Secondly, we are unable to be quiet. The most memorable New Year’s Eve I ever spent, other than the one on which I met my husband, was one in which there was no yelling in the house whatsoever. Right before the ball dropped, my friend Buddy looked at our gathered friends and said, “instead of whooping, let’s be silent at midnight for a full minute.” And that is what we did. A New Year never seemed to me like a reason to holler, and I appreciated this prompt. We muted the televised sounds of the crowd in New York City, and nine of us sat together in silence from 12:00 to 12:01. It was completely counter-worldly.

One resentments are cleared away and inner stillness within reach, one is able to hear the sounds of silence. But, true silence does not conform to the patterns of this world, and is extremely hard to come by. Even in a house where the baby has gone to sleep and both parents are exhaustedly reclined on the couch, the sound of police sirens or buzzing fluorescent lights break the silence. What’s much worse than the sound of overhead lights are the sounds of students telling me they do homework with a Netflix show “just streaming in the background.” It is impossible to attentively read Paradise Lost while Michael Scott cackles, “that’s what she said.” The noise level in our society is deafening, and so I will deliberately create unexpected moments of silence—“New Year’s Eve” moments—in my classroom this year.

Lastly, we are unable to be alone. It seems to me that we leave Netflix running all day long in the background because we do not want to be alone. Most of us do not want to battle the thoughts that pierce us like arrows when we are quiet and undistracted. The fear of one of these arrows making it through our armor is too great to bear. I believe school children of all ages are living through a particularly challenging moment, and have been given very few tools for the fight. The armor of self-preservation bequeathed by hashtag politicians is ineffectual. Without battlements, our children will be inclined to spend less and less time alone, because it is in the dark Death bends his bow against an armor weakened through neglect and disuse.
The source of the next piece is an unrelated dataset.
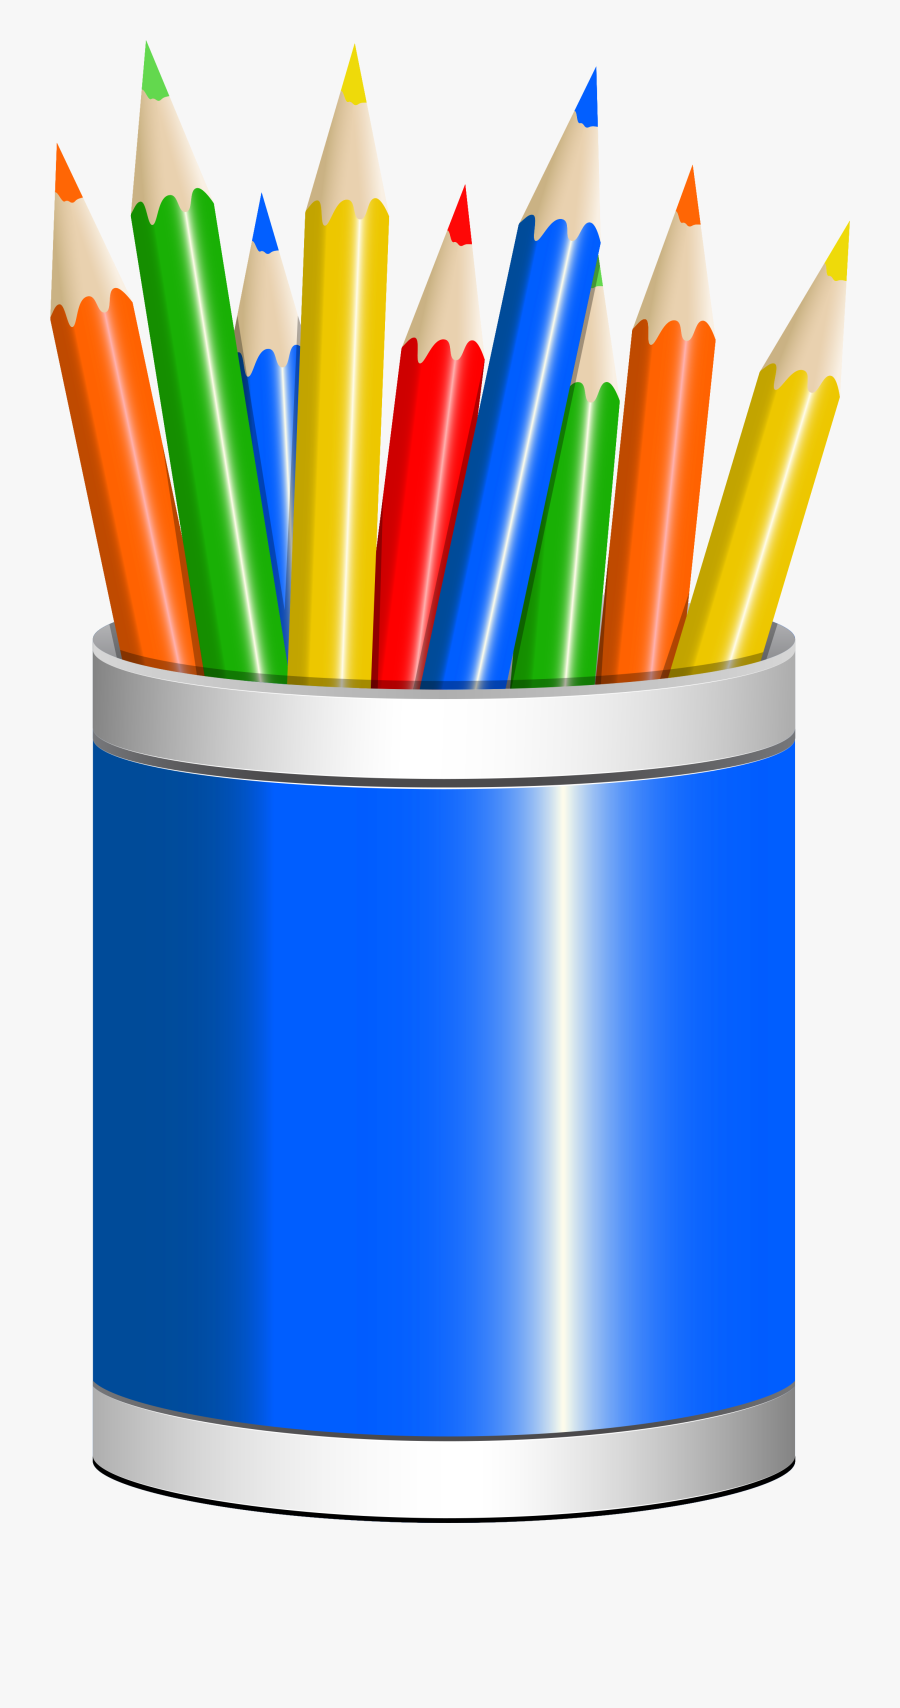 Clip Art Pencils In A Cup Clipart - Pencils In A Cup Clipart, Transparent Clipart

Aloneness is intolerable in the absence of inner stillness and true quiet. And it is only by donning the full armor of God that these precious bastions can endure slings and arrows. So I will begin classes with recitations of Ephesians 6: 11-18. Daily memory work is a habit of attention, and each armory should include ample supplies of nourishing words to sustain the soul through its daily skirmishes

While extensive quiet and aloneness aren’t good strategies to preserve life and attentiveness in babies, as my daughter ages it will become important to teach her how to sit quietly in her room alone. I hope also to hold myself to this standard—after all, Mr. Jeffrey is watching.